When searching for a retirement apartment for yourself or for you and your partner, you want to think about more than just its appearance and the initial purchase price. You and your partner may have unique needs at your age, and there may be hidden costs that you're not considering when making your purchasing decision. Note a few important details in all these areas that you don't want to overlook when you're shopping for a retirement apartment to buy.

Warden service

Warden service may sound like an apartment complex is a prison, but this term may sometimes be used for having a manager onsite, around the clock, and every day of the year. If you or your partner have special health needs, such as balance or vision issues or problems that mean you may occasionally need minor assistance, you may want to find a complex with such a 24-hour manager. This can ensure that there is always someone on hand to help with such concerns, even after hours.

Upkeep of the building

When buying a retirement apartment, you may be part of an HOA, or homeowner's association, or what is called a strata. This refers to many individuals having shared ownership of a building itself; you may then be responsible for several aspects of the building's upkeep. Very often there is a hired manager or management company that performs all upkeep on your behalf, but be sure you know what parts of the building are your responsibility, as an owner, and what the costs are for the manager or management company hired.
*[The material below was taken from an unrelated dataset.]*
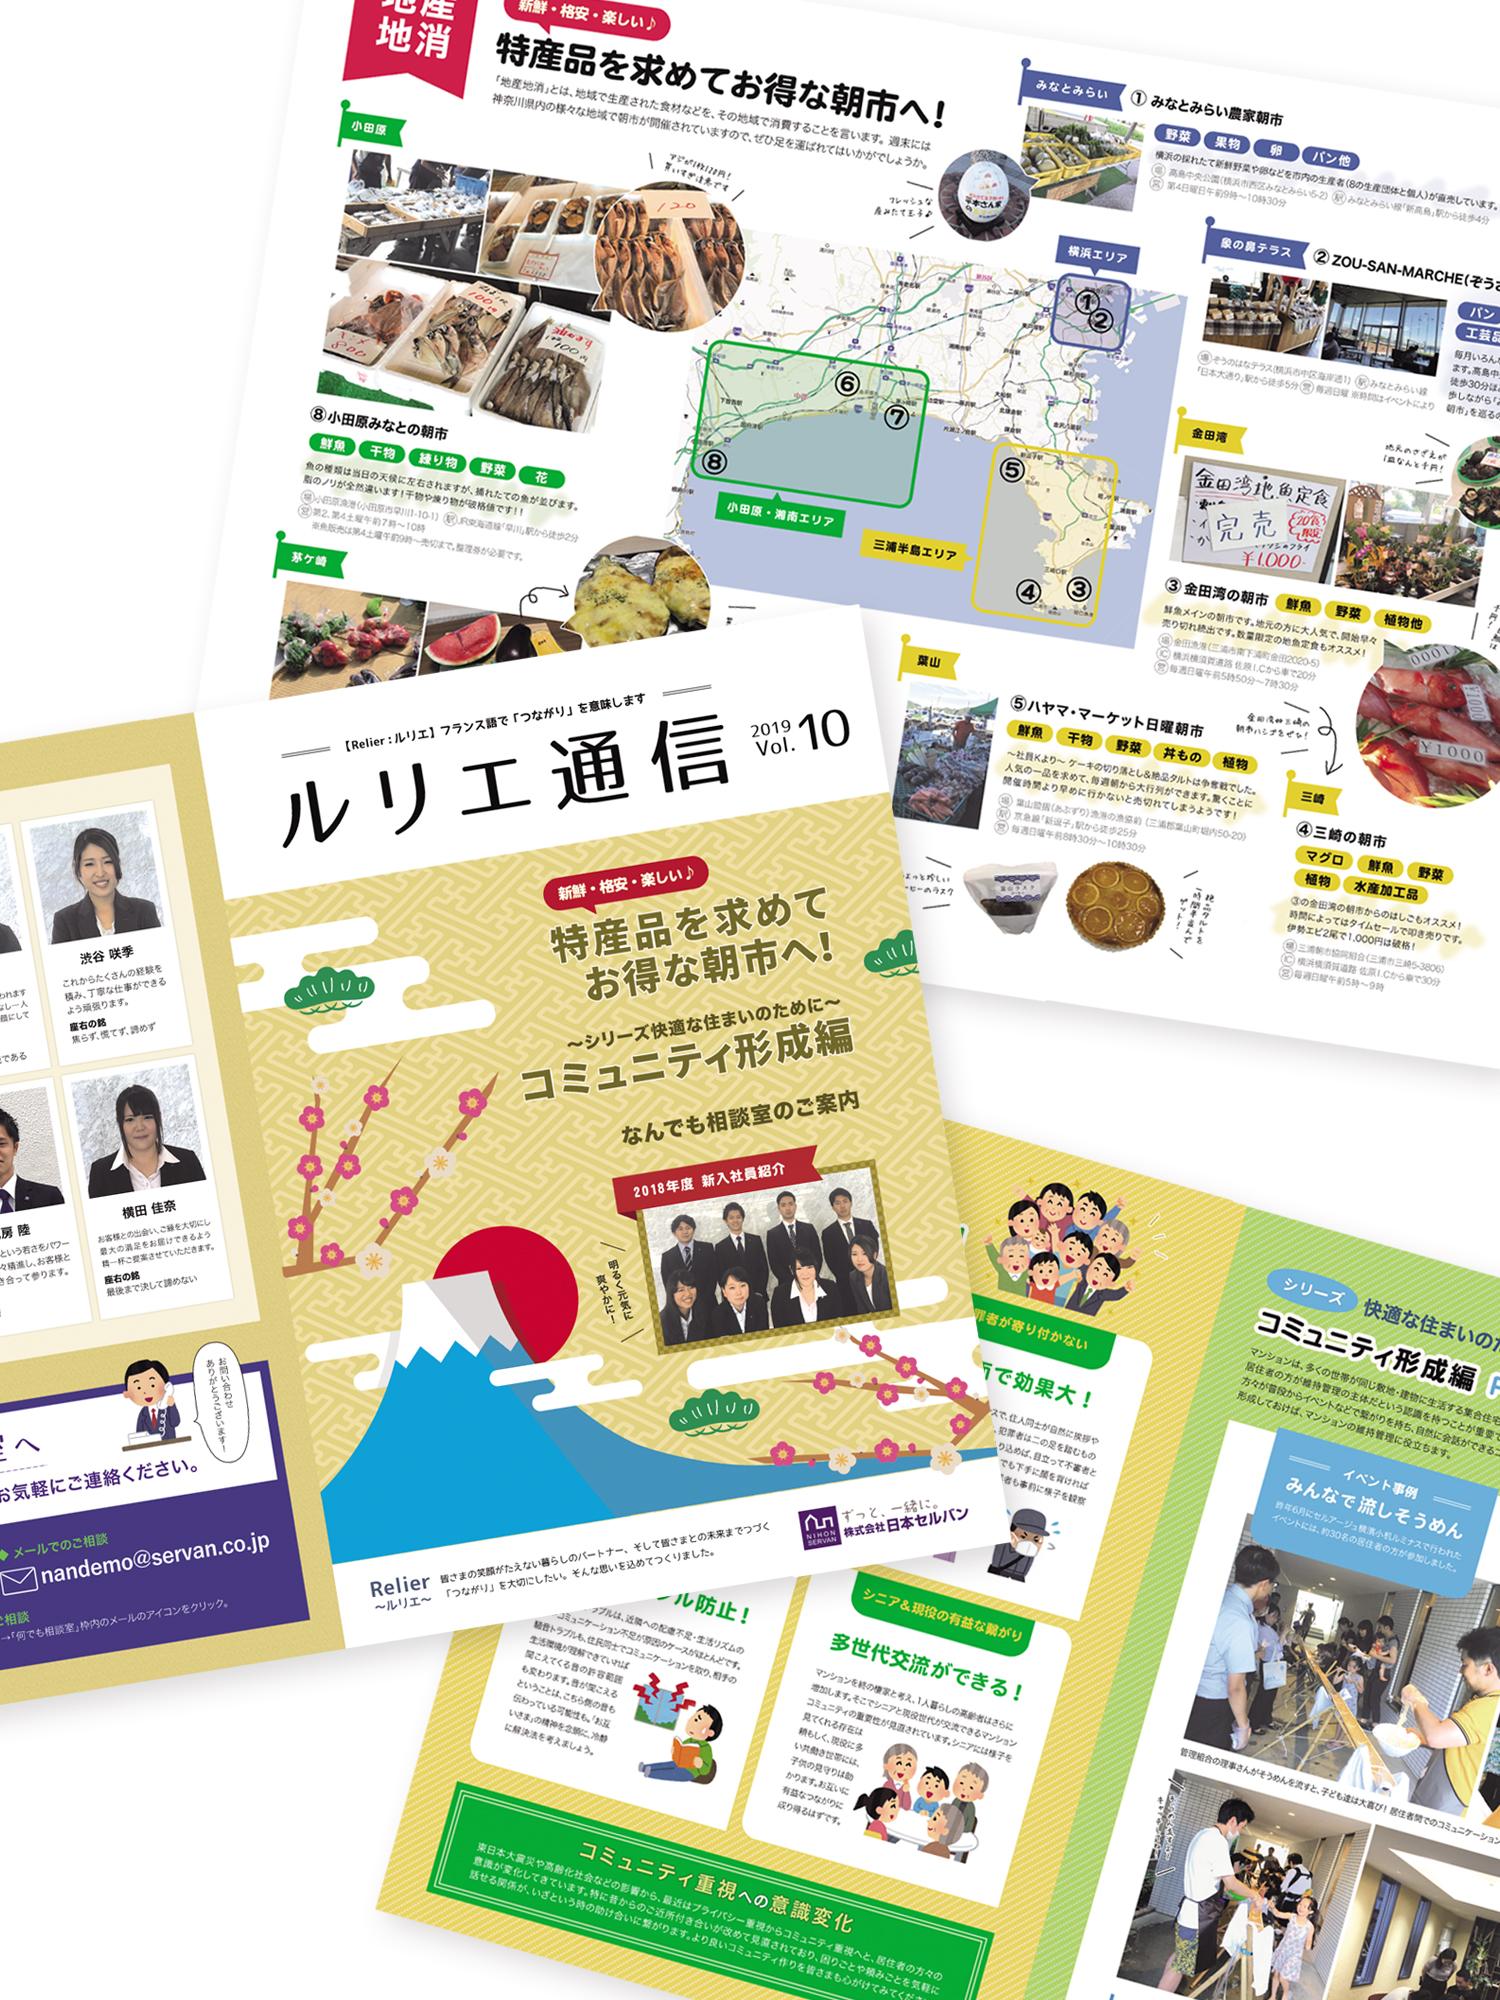 株式会社日本セルバンさま ルリエ通信vol.10

Note age limits and who can buy

Note the age requirements for any type of retirement apartment, not just so you know that you would be allowed as an owner, but also to consider how much noise and commotion there might be in the complex. If there is no age limit and a complex you're considering is not technically for retirees or senior citizens, you may have lots of noise, music, crowds, parties, and the like. If you're looking for something very quiet, don't assume that a "retirement" community automatically means senior citizens only. Also, if your partner is much younger than you, note if there are any limitations for him or her as well; if you're married, it may not be an issue, but those who just live together may run into some difficulty with having their partner allowed as a resident or owner.